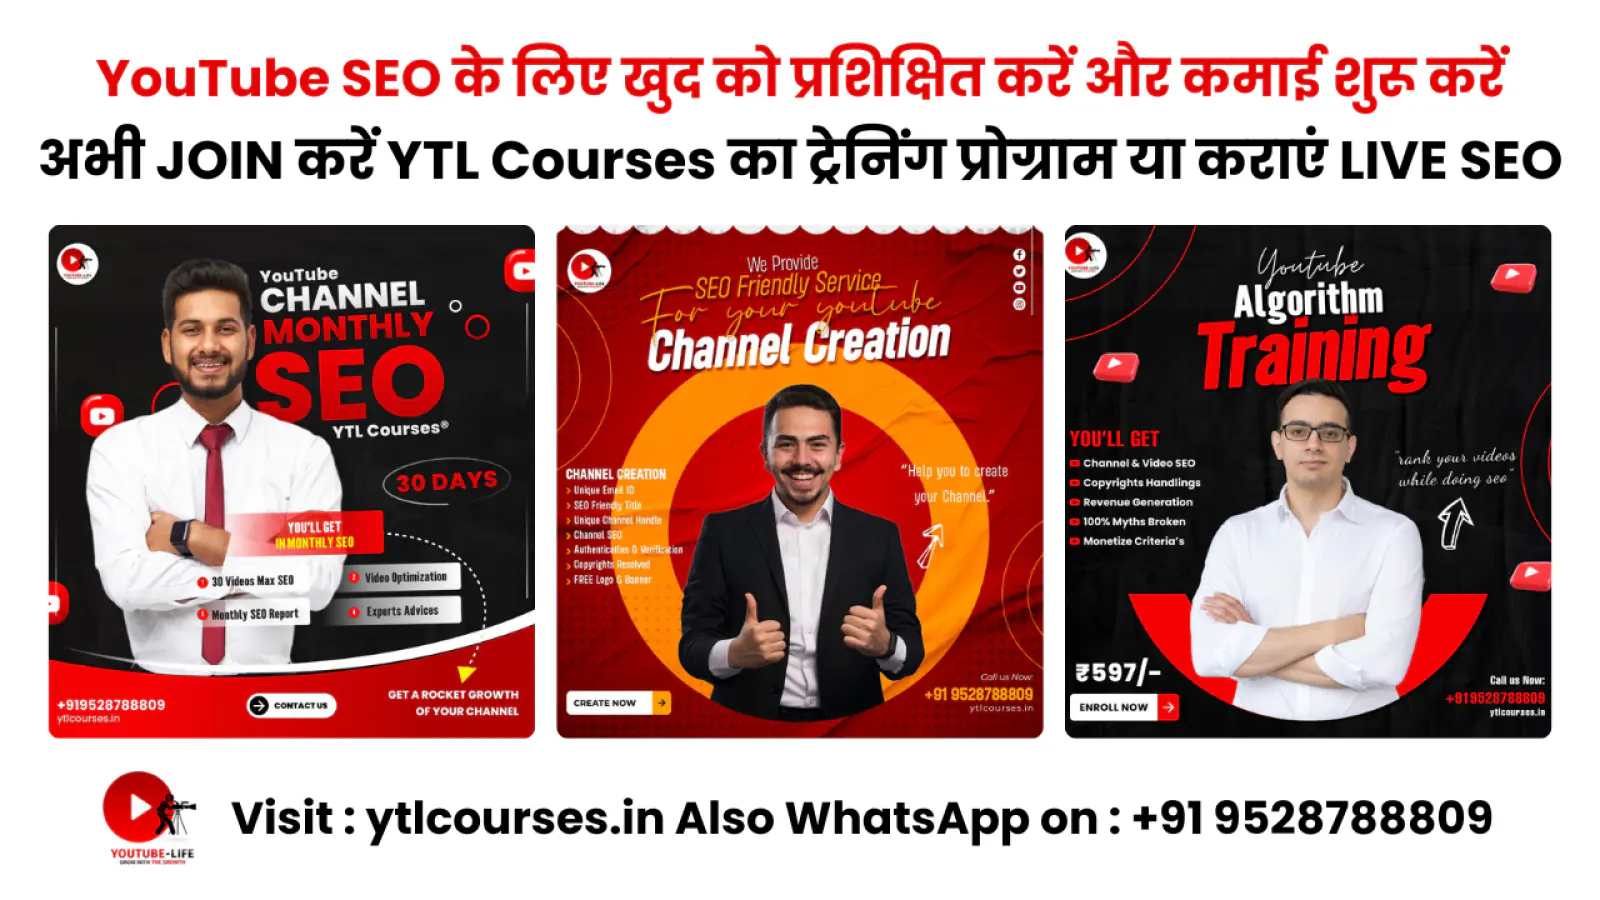 YTL Courses ® के साथ YouTube SEO में महारत हासिल करें: आपका वन-स्टॉप समाधान!
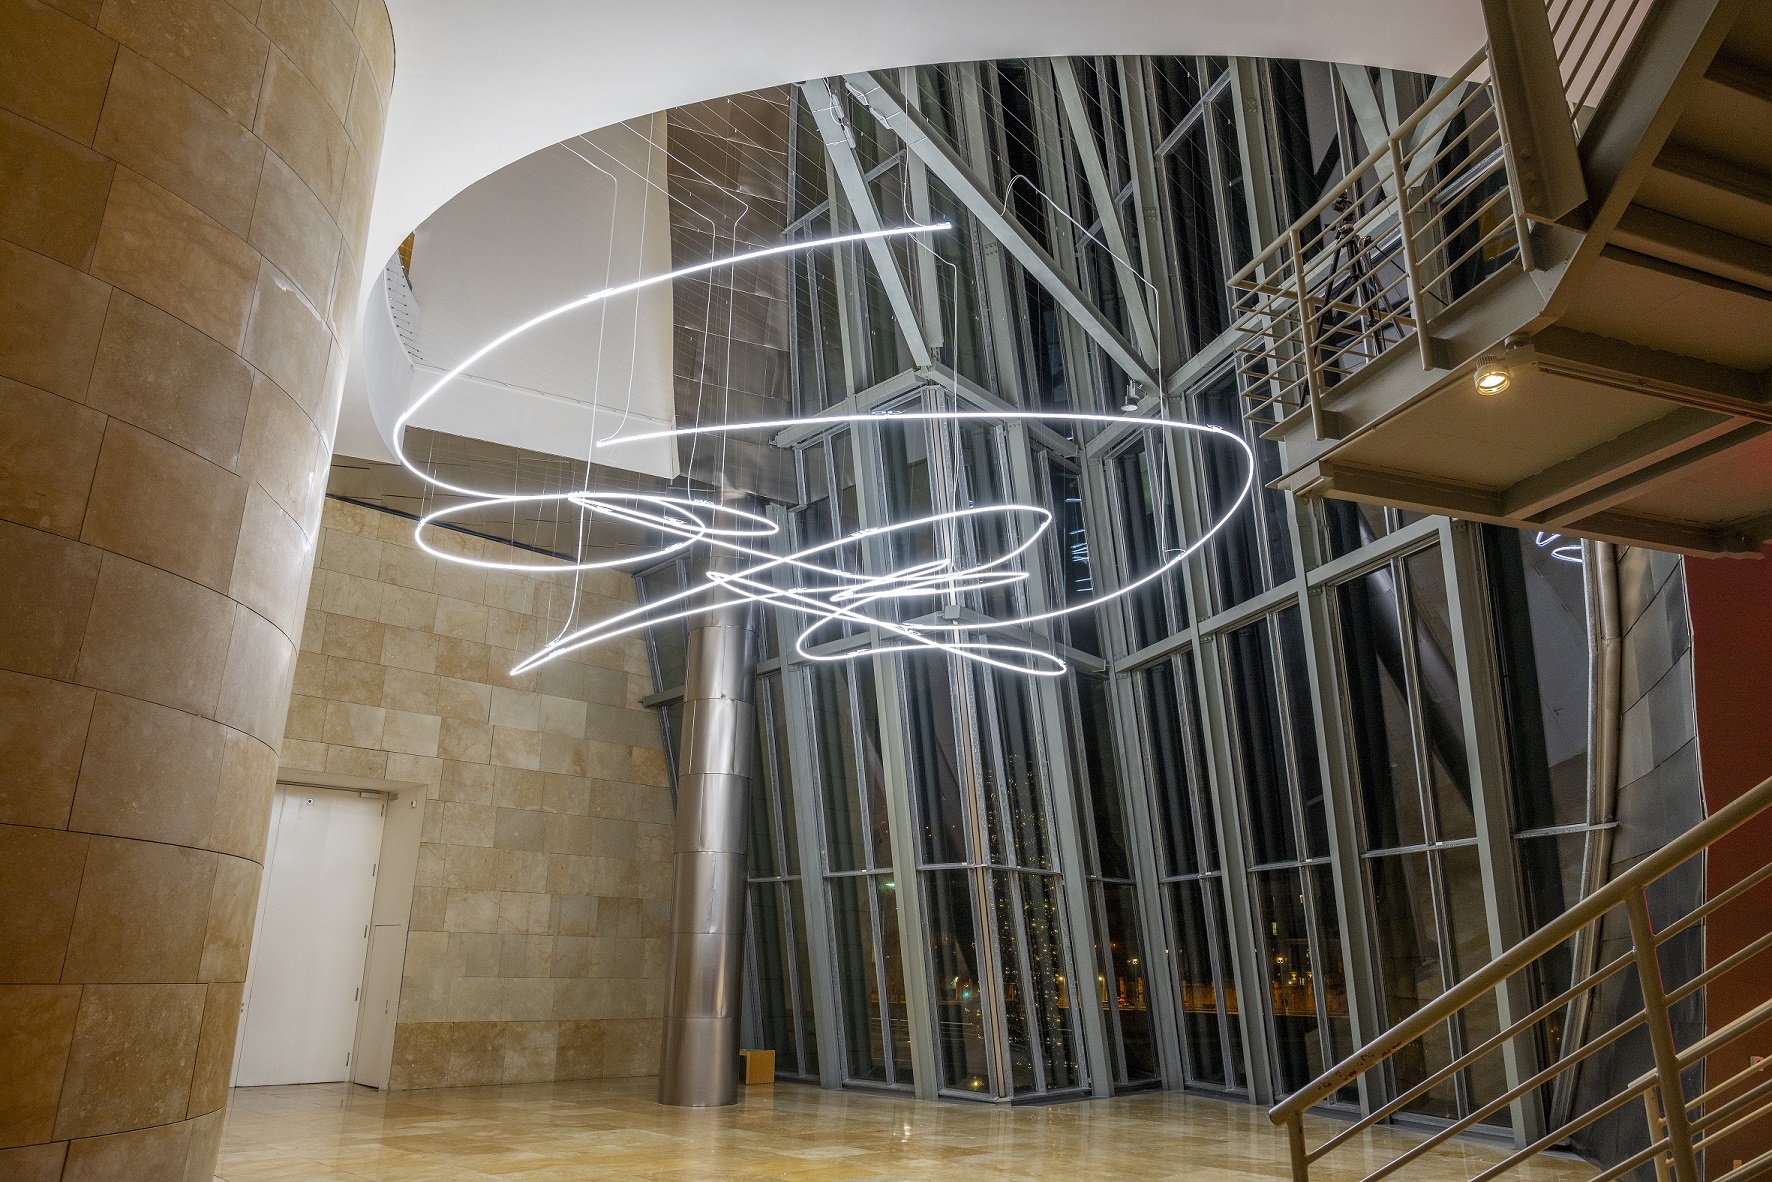 Lucio Fontana a Bilbao. Struttura al neon installata per tre anni nell’atrio del Guggenheim Museum
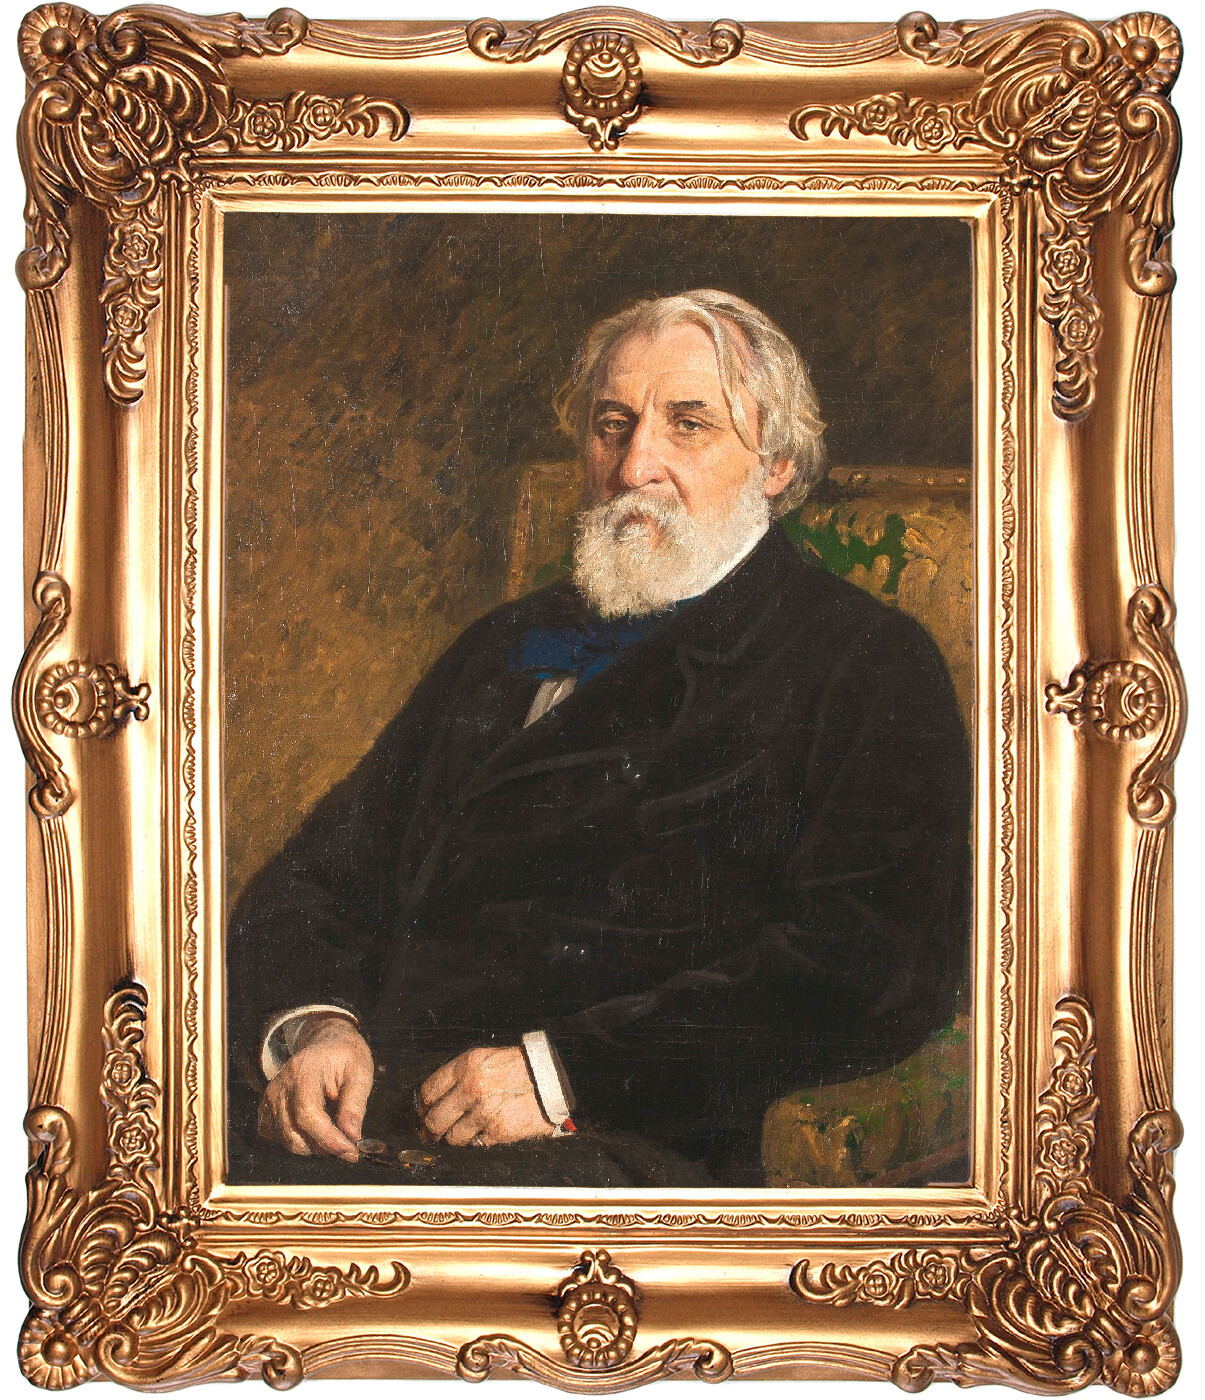 Ilya Repin. Portrait of Ivan Turgenev, 1874

•••••

About this exercise | Repeat the full listing above without altering a word, and skip the pictures.

Your response |
 YTL Courses ® के साथ YouTube SEO में महारत हासिल करें: आपका वन-स्टॉप समाधान!
 Lucio Fontana a Bilbao. Struttura al neon installata per tre anni nell’atrio del Guggenheim Museum
 Ilya Repin. Portrait of Ivan Turgenev, 1874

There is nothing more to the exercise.